CAPITOLO 12
(Uno sguardo all’uomo e al suo
contesto.)
12.1) Specie homo sapiens (Una vicenda interessante,
ma breve e comunque irrilevante nella storia
della vita sulla Terra).
La mia cultura naturalistica è piuttosto
limitata, ma penso che
definire breve e irrilevante (nel contesto
generale della vita sul pianeta)
l’avventura della nostra specie sia difficilmente
contestabile. La vita è
apparsa sulla terra 3,5 miliardi di anni
fa, i primi ominidi hanno fatto la
loro apparizione verso i 2,5 milioni di anni
fa (dopo essersi separati dagli
scimpanzé), ma soltanto circa 150.000 anni
fa circa è apparso il nostro nonno
ancestrale, o meglio la nostra nonna [160].
Ciò significa (oltre a dover invertire la
biblica nascita di Eva dalla costola
di Adamo) che la nostra presenza è limitata
ad una frazione minima
dell’esistenza della vita sul pianeta e che,
date le esigenze vitali dei
mammiferi in generale, si può ragionevolmente
presumere che essi prima o poi si
estingueranno al mutare delle condizioni
ambientali e che ciò verosimilmente
accadrà assai prima di quanto si possa verificare
per molti pesci ed insetti,
ma soprattutto per una moltitudine di batteri.
I mammiferi d’altra parte
rappresentano una minima parte della cosiddetta
biomassa generale e nell’intero sistema del vivente
costituiscono
sotto tutti i punti di vista una presenza
assolutamente minima.
Tuttavia noi restiamo convinti di essere
importanti, poiché ci
siamo inventati una sorta di nobiltà biologica
di nascita, in funzione della
quale e al cui servizio sarebbero nate tutte
le altre specie che ci hanno
preceduto, anche da una di queste in linea
filogenetica noi deriviamo. La
nostra presunzione (sulle ali della più sbrigliata
fantasia) è arrivata così
fino all’ipostatizzazione di una divinità
super-umana, esistente in un
misterioso ultra-mondo, che sarebbe poi un
nostro fantastico padre ideale,
creatore e padrone dell’universo, a cui noi
tenderemmo irrimediabilmente quale
nostra gloriosa conclusione escatologica.

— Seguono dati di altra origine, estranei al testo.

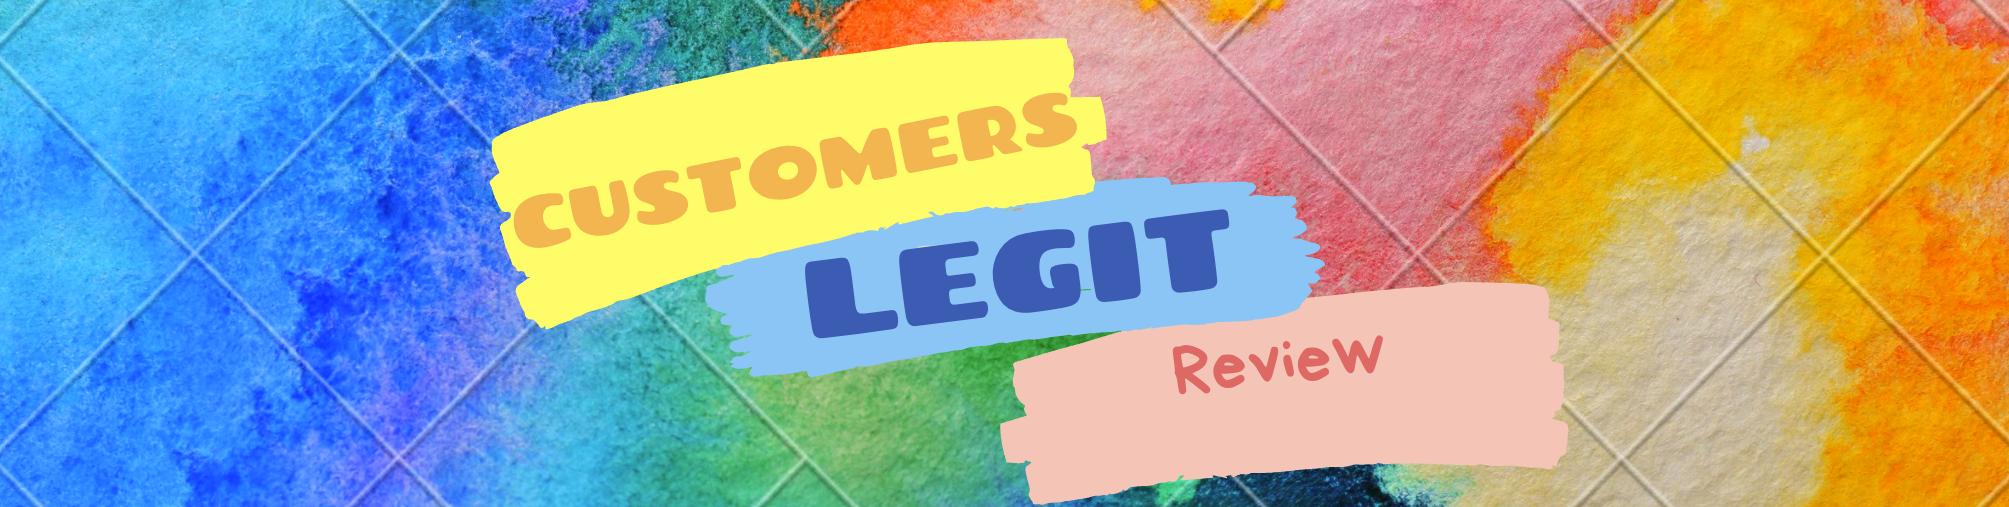 Customers Legit Review

Nel nostro rispetto della legittimità
di tutti i punti di vista non torneremo su
questa opinione, anche per non
rischiare di turbare coloro che si sentono
bene restandoci attaccati, per cui
non resta, a tal proposito, che lasciarli
beatamente riposare in questa
credenza, la quale, come abbiamo già visto,
è psichicamente oltremodo efficace
ed appagante. Per chi invece pensa che l’homo
sapiens è soltanto un grosso mammifero che l’evoluzione
ha dotato di
straordinarie facoltà mentali, rendendolo
capace di grandi imprese e persino di
distruggere il pianeta su cui vive (ma tutto
sommato assai “debole” e
ininfluente su ciò che costituisce il grosso
e “forte” del vivente, cioè i
batteri) proporremo alcune riflessioni che
ci permetteranno di autocollocarci
in modo obbiettivamente più corretto nel
sistema biologico generale di cui
facciamo parte.
Nell’affrontare questo tema emerge immediatamente
un suo
corollario che soltanto in questi ultimi
decenni è stato tematizzato in termini
obiettivi e non pregiudiziali (o ideologici),
cioè quello del supposto “progresso”
che si verificherebbe nella generale evoluzione
biologica verso forme sempre
più complesse ed efficienti; come dire, almeno
fino a questo momento, verso
l’uomo. È evidente che se noi continuassimo
a considerare le caratteristiche e
le facoltà che ci concernono “superiori”
a quelle degli altri animali, ne
deriverebbe che noi finiremmo per rappresentare
un loro “oltre” positivo e che,
in questo caso, tutti gli altri esseri viventi
(che consideriamo inferiori)
sarebbero stati destinati quasi “soltanto”a
preparare il nostro avvento. Già,
ma inferiori su quale base e rispetto a che
cosa?
Una delle teorie più comuni è quella di considerare
ciò che è
biologicamente più complesso non solo più
progredito ma anche “superiore” in
termini assiologici. Inutile ripetere che
secondo noi questo atteggiamento
contiene forti elementi di arbitrarietà ed
che è quindi notevolmente opinabile
ed anche un poco arrogante. Si potrebbe anzi
logicamente sostenere che un
classe di esseri viventi (un philum)
che funzioni bene da più tempo, che sia molto
diversificata, che sopravviva in
molti ecosistemi, che occupi in termini di
biomassa una fetta importante del
sistema vivente e che per di più sia “semplice”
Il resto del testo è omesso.